Krasnov recoiled, clutching the ball tighter. “Trade?! TRADE?! Filthy free-traders! They cheat us! Steal from us! But we—” He paused, his voice dropping into a desperate whisper. “We could… could take their milk, yes, yes! Their delicious dairy! Make America milky again!”
His chief of staff pinched the bridge of his nose. “Sir, we already produce a lot of milk.”
Krasnov’s face twisted, his fingers tightening around the golf ball like a strangling grip. “No! Canadian milk is special! It’s… socialist milk! It must be destroyed! We put tariffs on it, we crush them, and then we take it for ourselves, yessss!”
A flicker of doubt passed across his face. He shook his head violently, as though fighting himself. “But what if… what if Canada is right?” His voice softened, a pained expression twisting his features. “What if… universal healthcare isn’t nasssty? What if… it’s… good?”
He gasped, stumbling backward, horror-stricken. “No! No, no, no, never! That’s socialism! That’s evil! We hates it!” He flung the golf ball across the room, where it clattered against a bust of Lincoln and rolled onto the carpet.
His chief of staff stared, unsure of what to say.
Krasnov froze, then slowly crawled toward the ball, cradling it again in his hands. “We must punish Canada. Yes, precious. We must make them pay. Or else… or else we lose.”
A long silence followed.
Finally, the chief of staff sighed. “I’ll call the trade representative.”
That’s really well written.
Yep but contains 100% more inner monologue than would ever be recorded in the slow, tremulous sine wave that is Trump’s EEG.
Can we call on Andy Serkis to Narrate this please.
Oh you haven’t seen nasty yet, Donald.
I’m convinced the guy is literally doing this because of how it would look on a map. He took a look at how big Canada looks (partially due to Mercator) and thought “Wouldn’t it be great if the my country was that big?”
nasssty little canadianses
they HATESss uss. they put the tAriffssss on usss!
but we loves the canadienses! we want them to be our stateses!
NOO! we hates the nassty canadienses. we give them MORE tAriffsss! make them ssuffer!
Trump can go fuck himself, can’t he?
Not if Stormy Daniels is to be believed (I see no reason to not believe her). She went on a late show and showed the mushroom closest to Donalds appendage
You’ve managed to piss off the country whose reputation is that they apologize for everything. Stupid idiot.

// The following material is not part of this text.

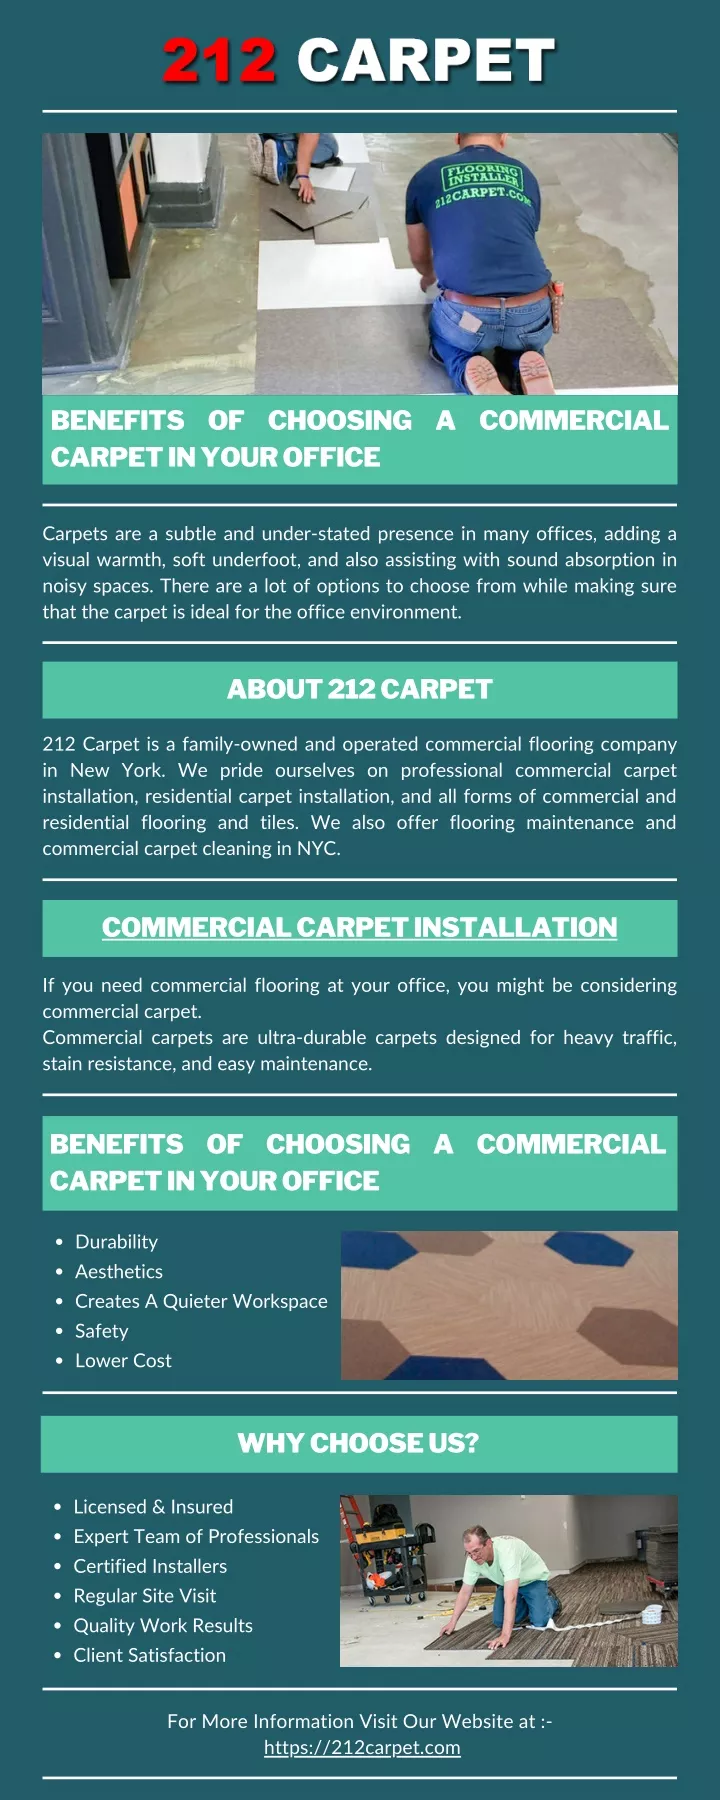 benefits of choosing a commercial carpet in your

Nasty is a compliment. It’s what he called Freeland after she stood up to him in the last trade negotiations.
It’s also pretty funny from a guy who jails children, threatens others constantly, abuses power, and makes enemies just by breathing. I actually think in his head “nasty” really just means “won’t simply bend over for me”.
This is it, anything but his way is unfair. Same for most of the right.

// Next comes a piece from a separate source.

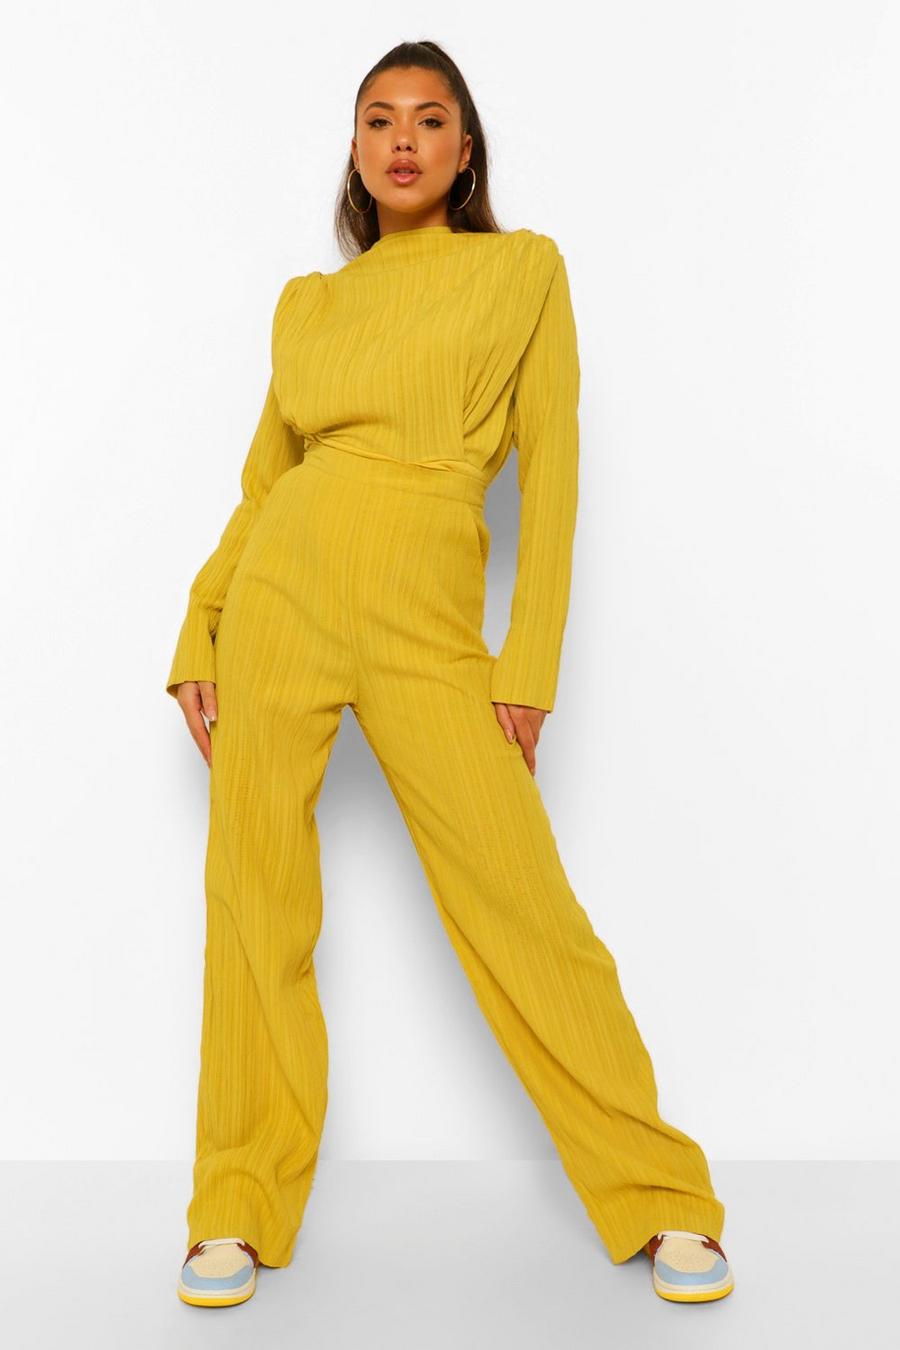 Chartreuse yellow Textured High Waisted Wide Leg Pants

Let’s show lil’ don how nasty we can be.
Breaking out the Geneva Checklist?
Canada will be waiting! Elbows up!
Elbows up is Canada’s new official stance on US relations.
Out of the loop - what doe elbows up mean / refer to?
In hockey “elbows up” is a sign a player would like to fight. In this context Canadians are telling America if you want to start a trade war and question our sovereignty, we are gonna put up a fight instead of just bending over.
Gotcha! Best of luck to Canada if push comes to shove. As a 'murican I’d like to think my countrymen and especially our military whose loyalty is sworn to the constitution, not to the president, would resist the fuck out of an order to invade Canada, but so far we don’t seem to have much of a spine.
Idk what all I can do to help from inside the dumpster fire, but I’ll throw a wrench in the gears on this side whenever the opportunity presents.
…this is all just so fucking stupid >_<
Please protect your elbows while you’re putting us in our place. I recommend elbow pads:
I know I’m asking a lot, but can anyone compile the list of everyone that Trump has called “nasty”? Because I feel like we’re in really good company.